- **Dataset extract**
● ● ●

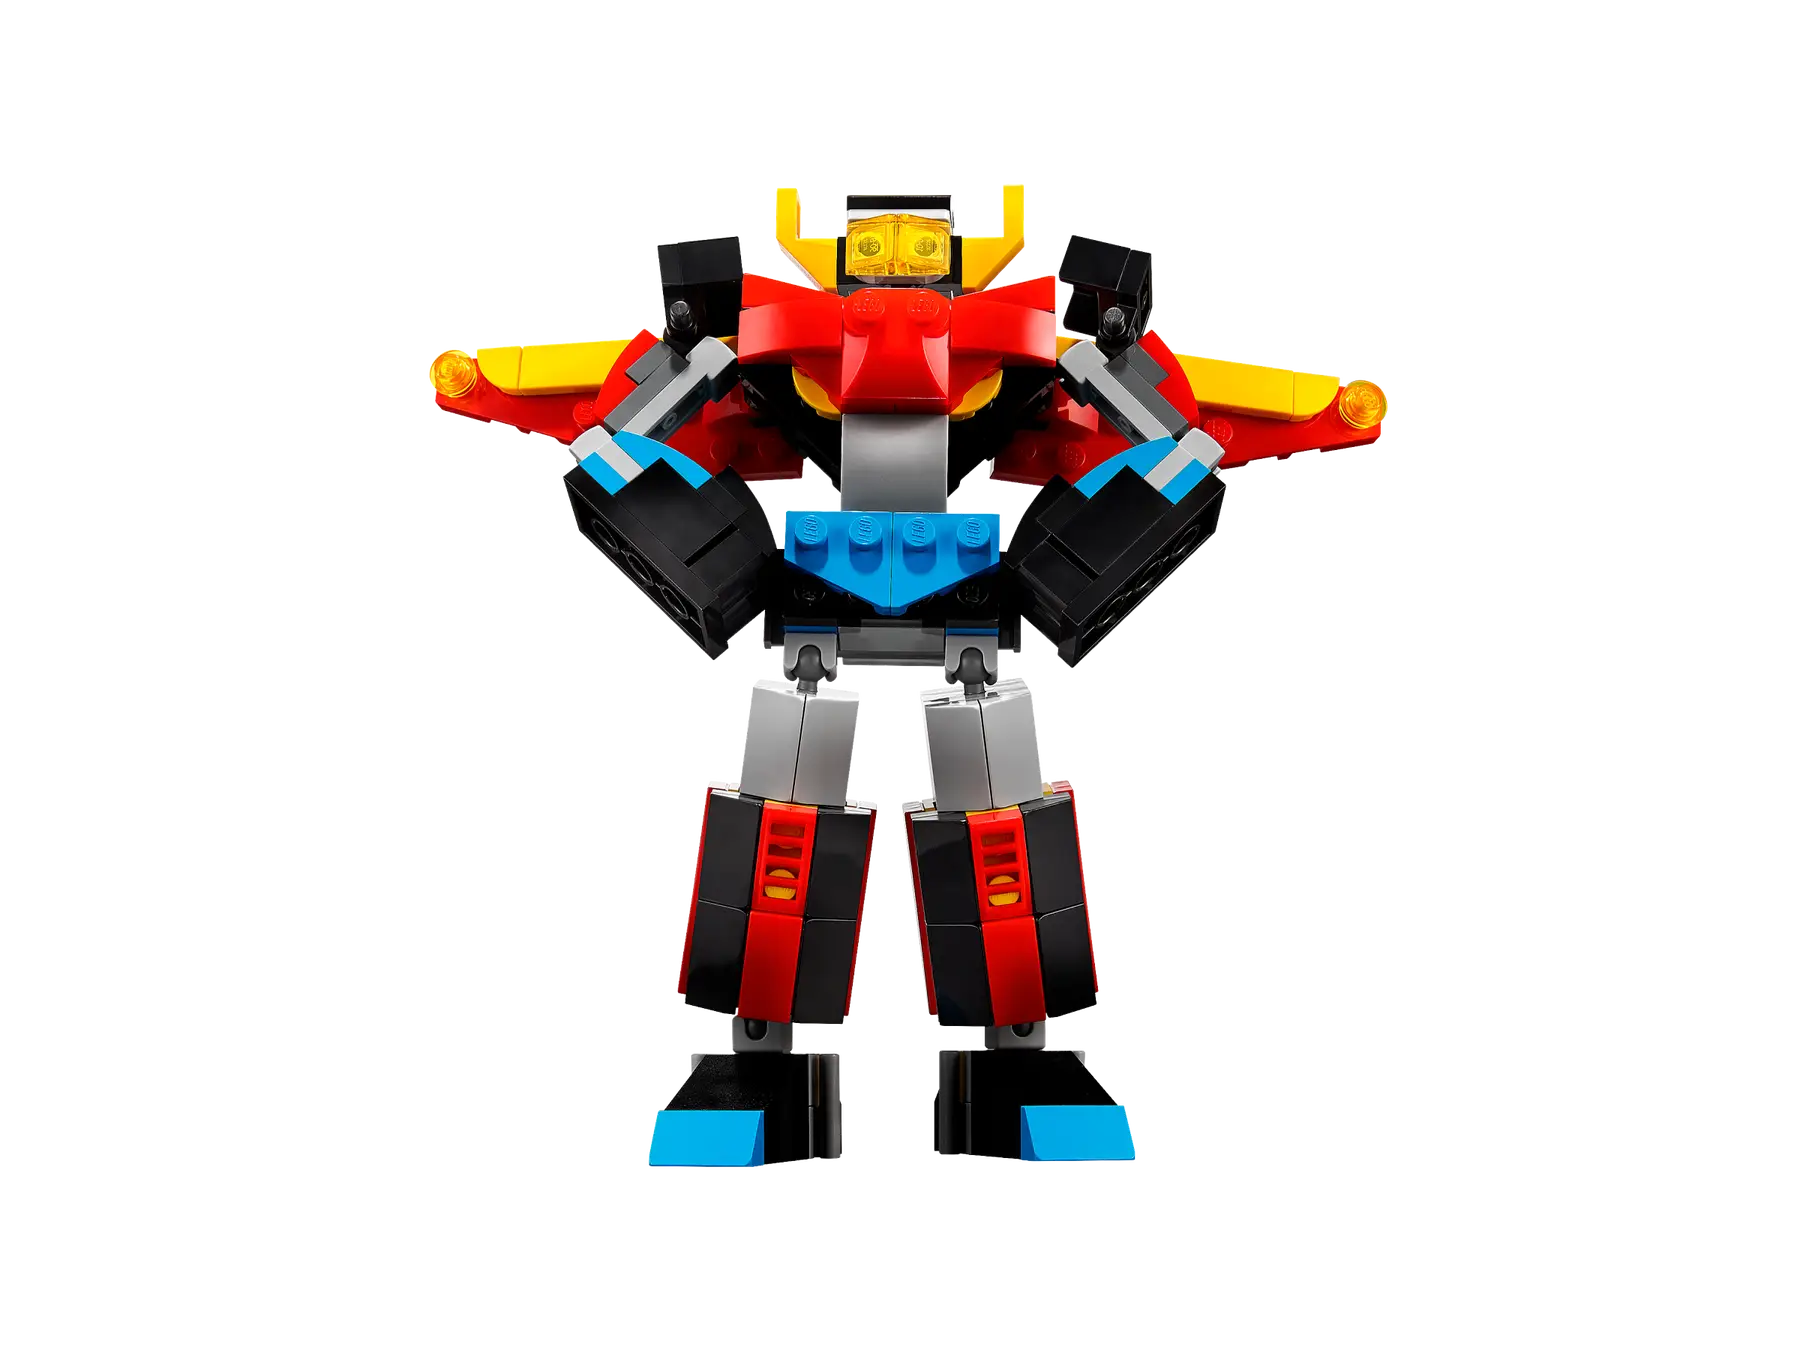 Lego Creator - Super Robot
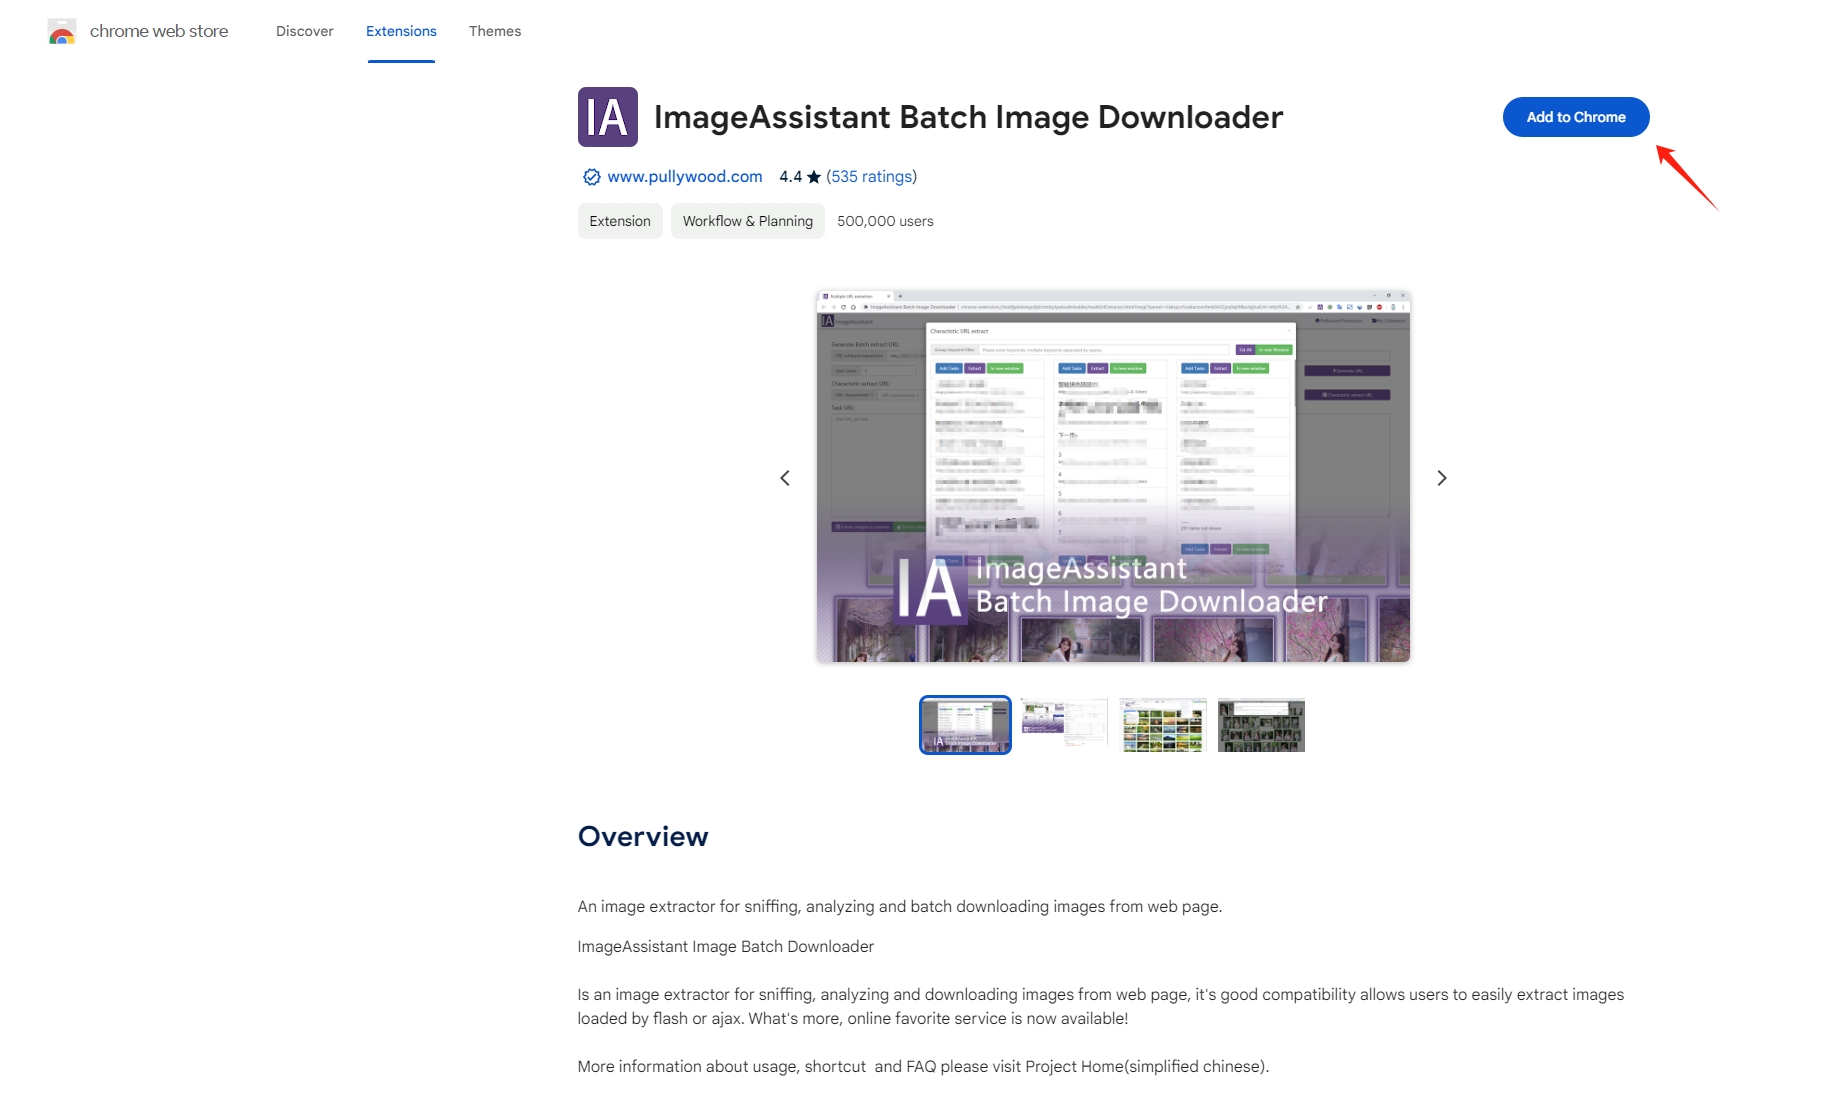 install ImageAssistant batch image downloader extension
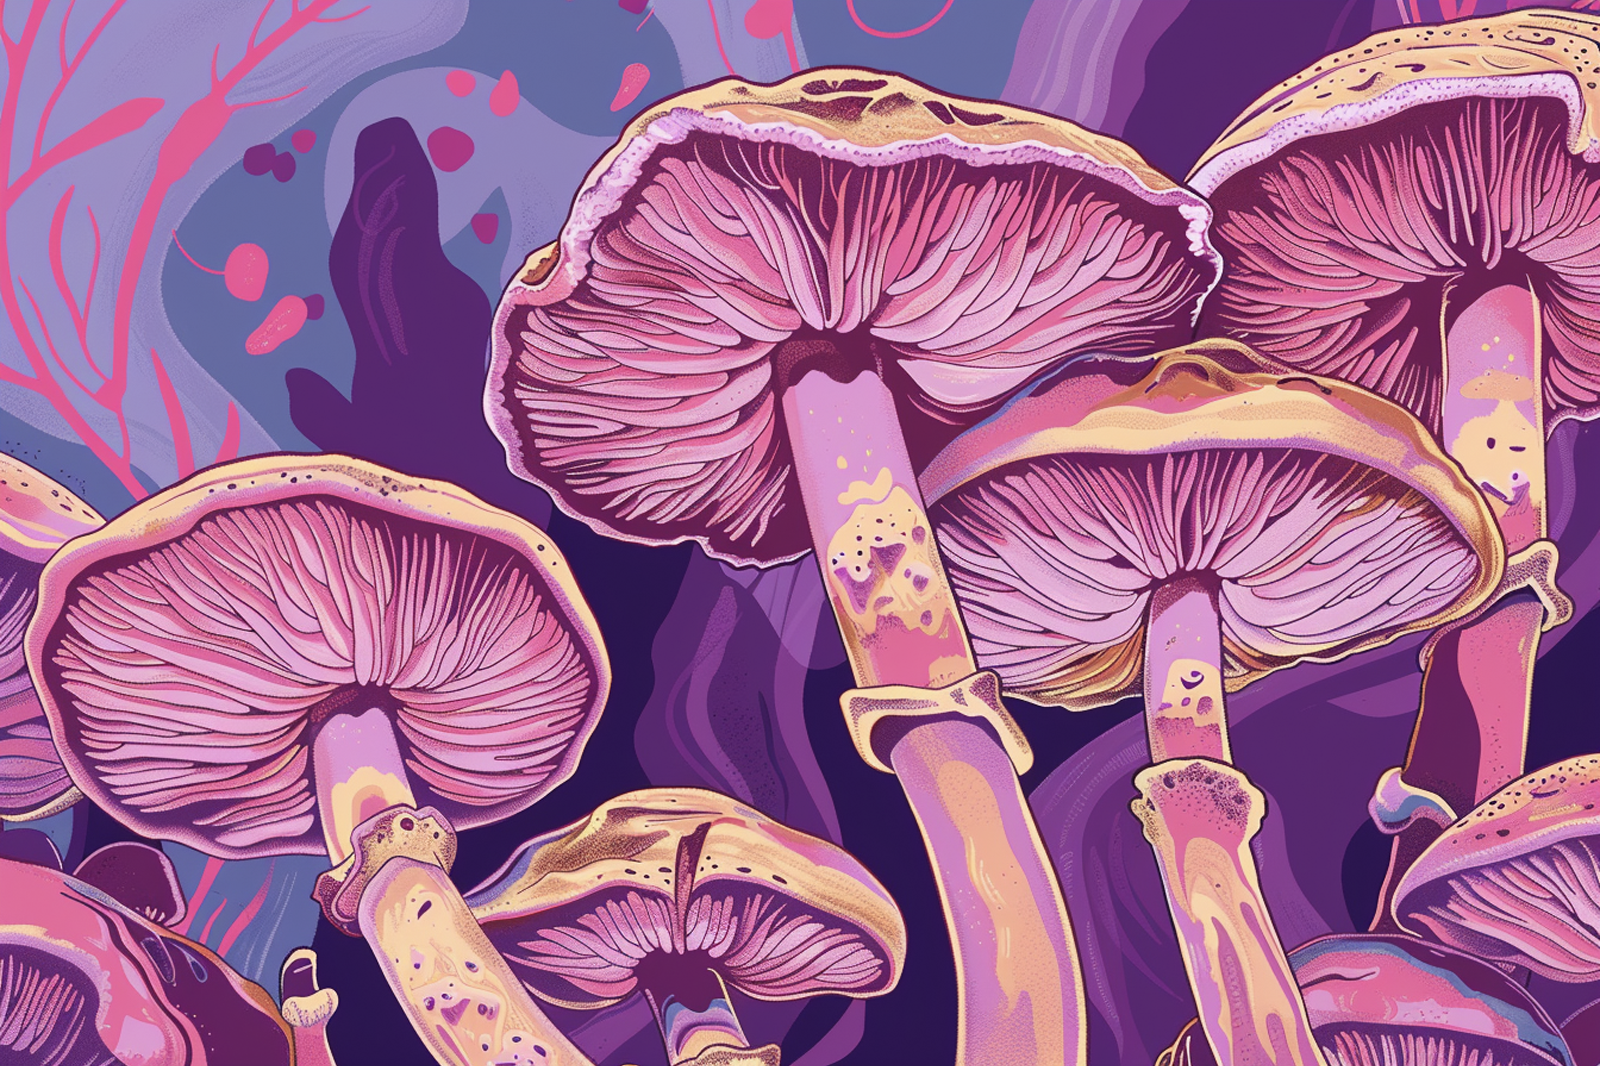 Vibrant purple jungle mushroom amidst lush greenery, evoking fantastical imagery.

● ● ●

- **Task directions**
Lines before the one containing "install ImageAssistant batch" are not wanted; repeat that line and the rest of the listing exactly, leaving out pictures.

- **Result below**
 install ImageAssistant batch image downloader extension
 Vibrant purple jungle mushroom amidst lush greenery, evoking fantastical imagery.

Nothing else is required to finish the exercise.